* WORK INSTRUCTIONS *
Leave the pictures out and quote only the lines from the one with "Carrier PCV015-060 Heating" down to the end of the listing below.

* COLLECTED DATA *
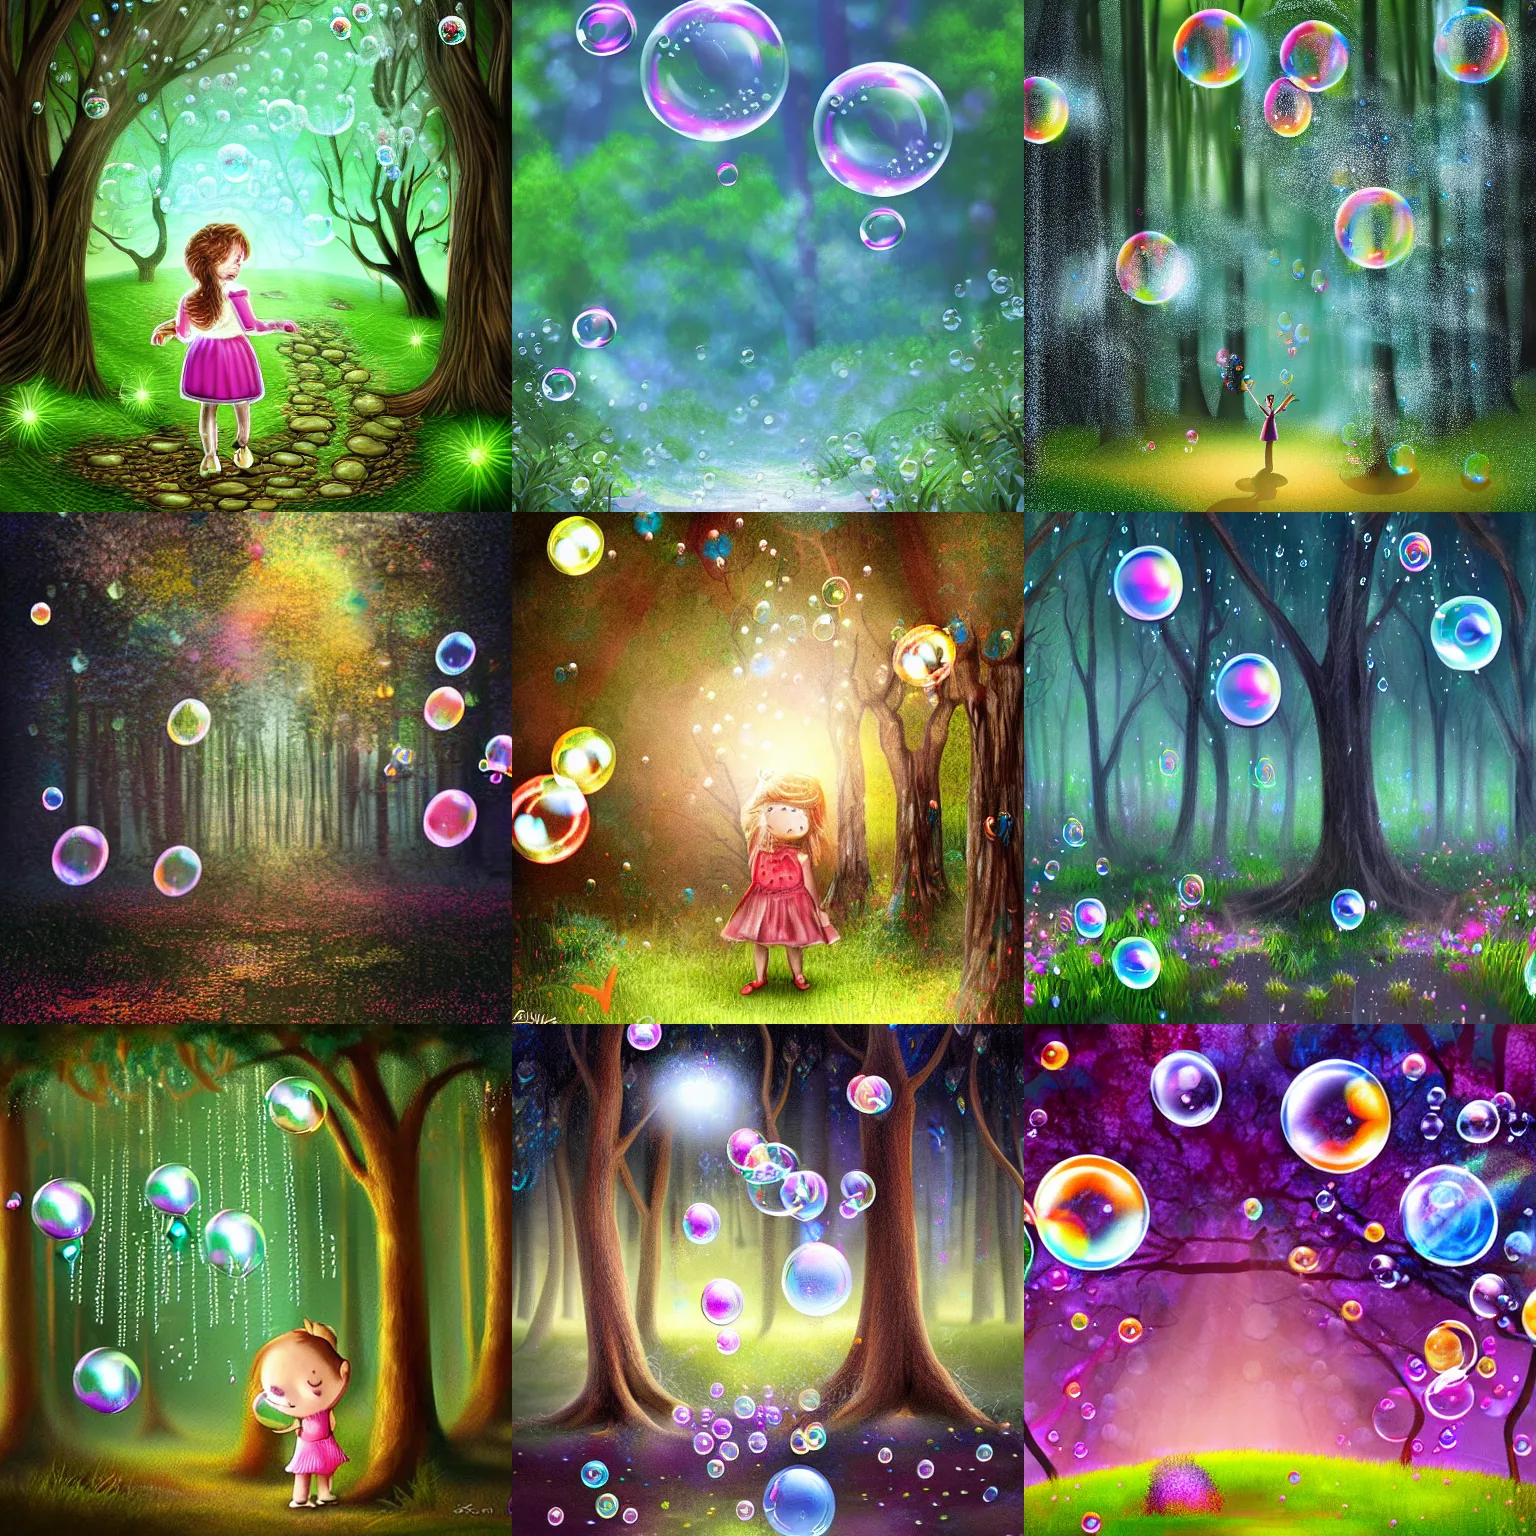 Prompt: It's raining bubbles in a magical forest, digital art
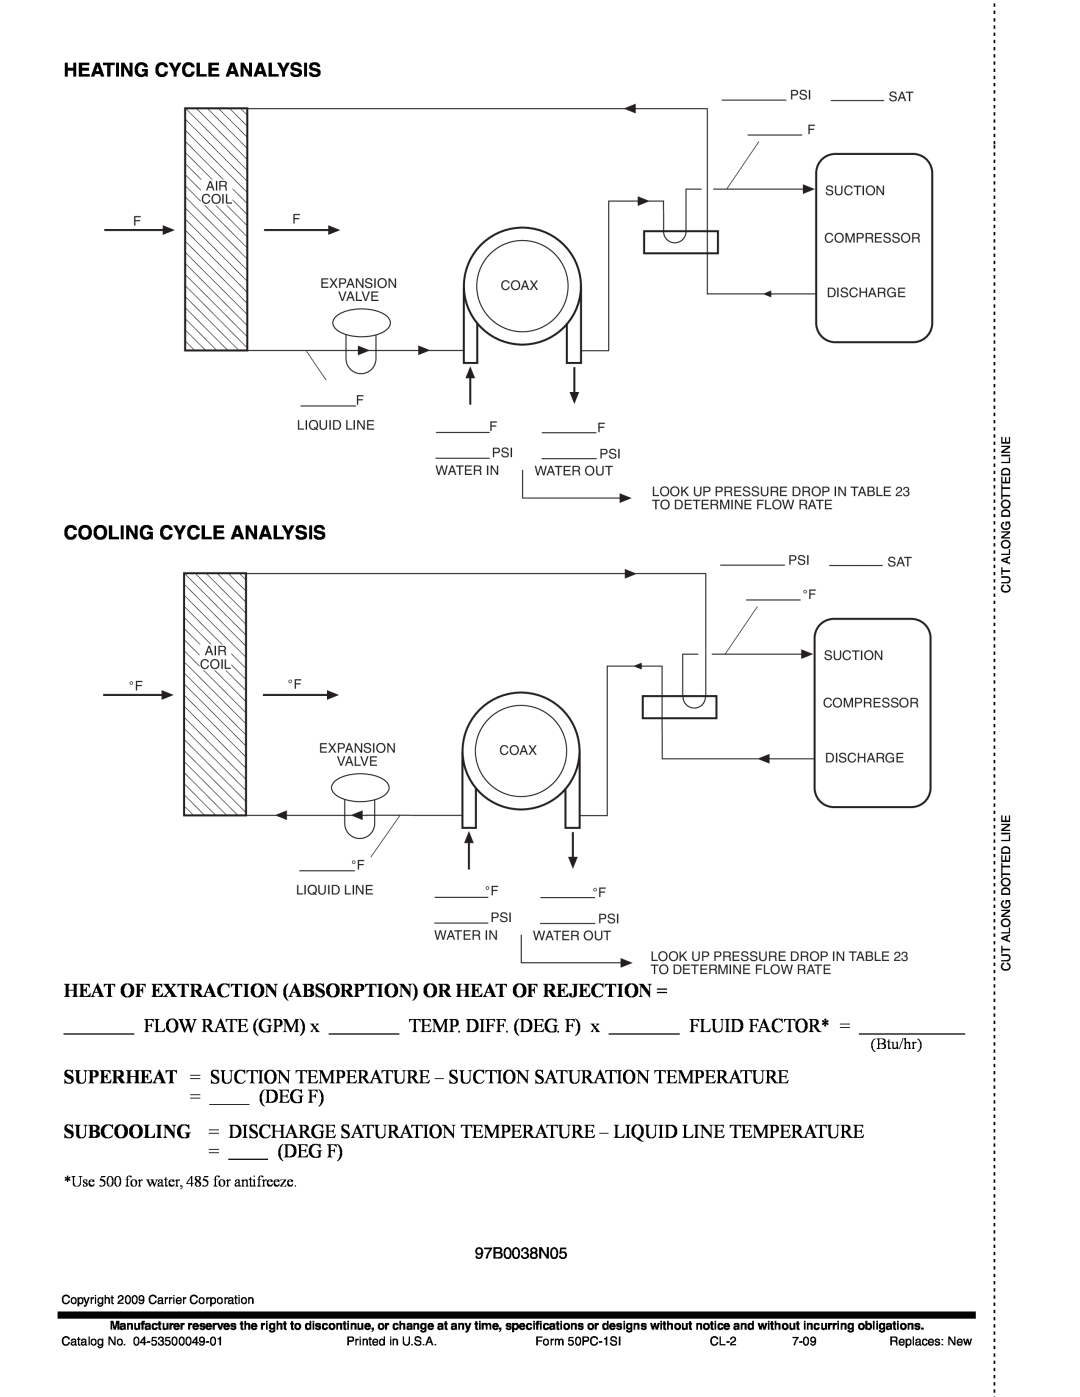 Carrier PCV015-060 Heating Cycle Analysis, Cooling Cycle Analysis, Flow Rate Gpm, Temp. Diff. Deg. F, Fluid Factor* = 
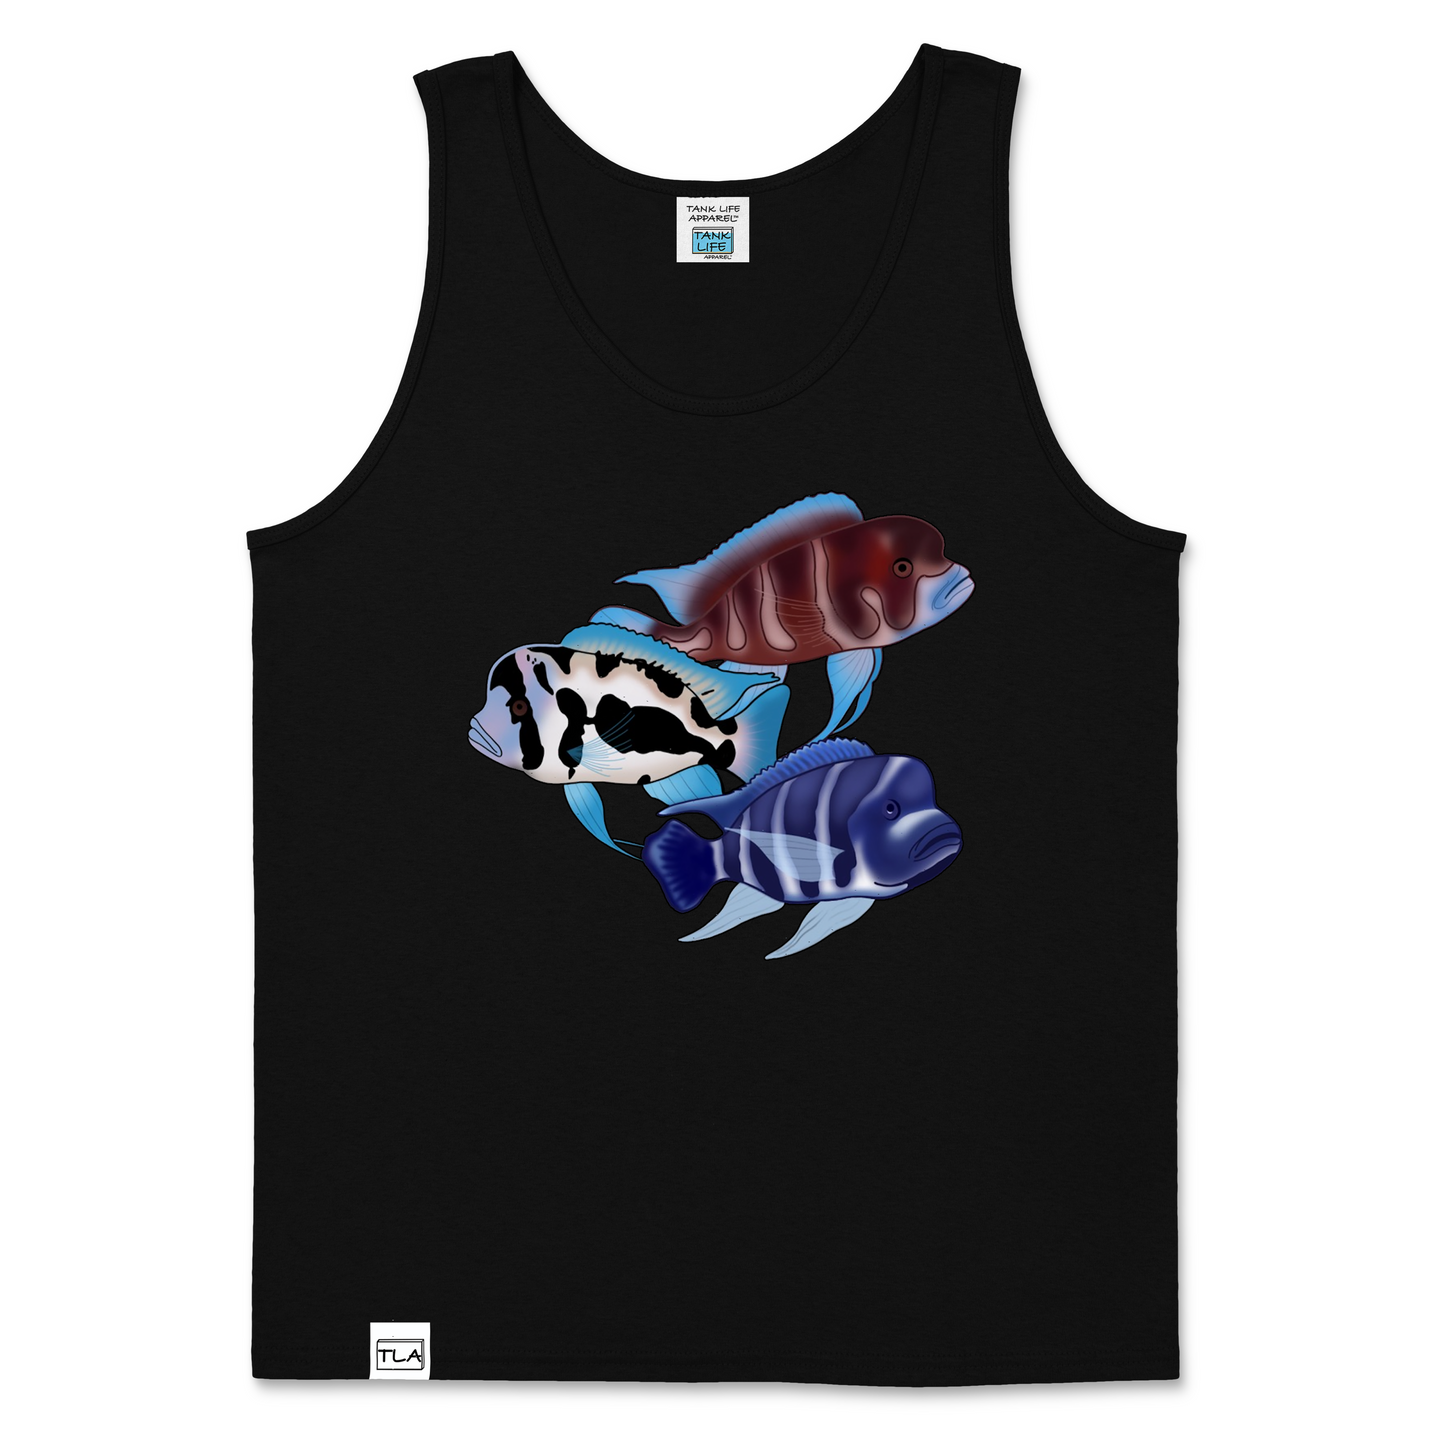 The Tank Life Apparel frontosa cichlid design on a men's tank top with our custom TLA hem label. Three fish Black widow, red frontosa, blue zaire. Blue fish with dark stripes.

* SOLUTION TO THE EXERCISE *
 Carrier PCV015-060 Heating Cycle Analysis, Cooling Cycle Analysis, Flow Rate Gpm, Temp. Diff. Deg. F, Fluid Factor* = 
 The Tank Life Apparel frontosa cichlid design on a men's tank top with our custom TLA hem label. Three fish Black widow, red frontosa, blue zaire. Blue fish with dark stripes.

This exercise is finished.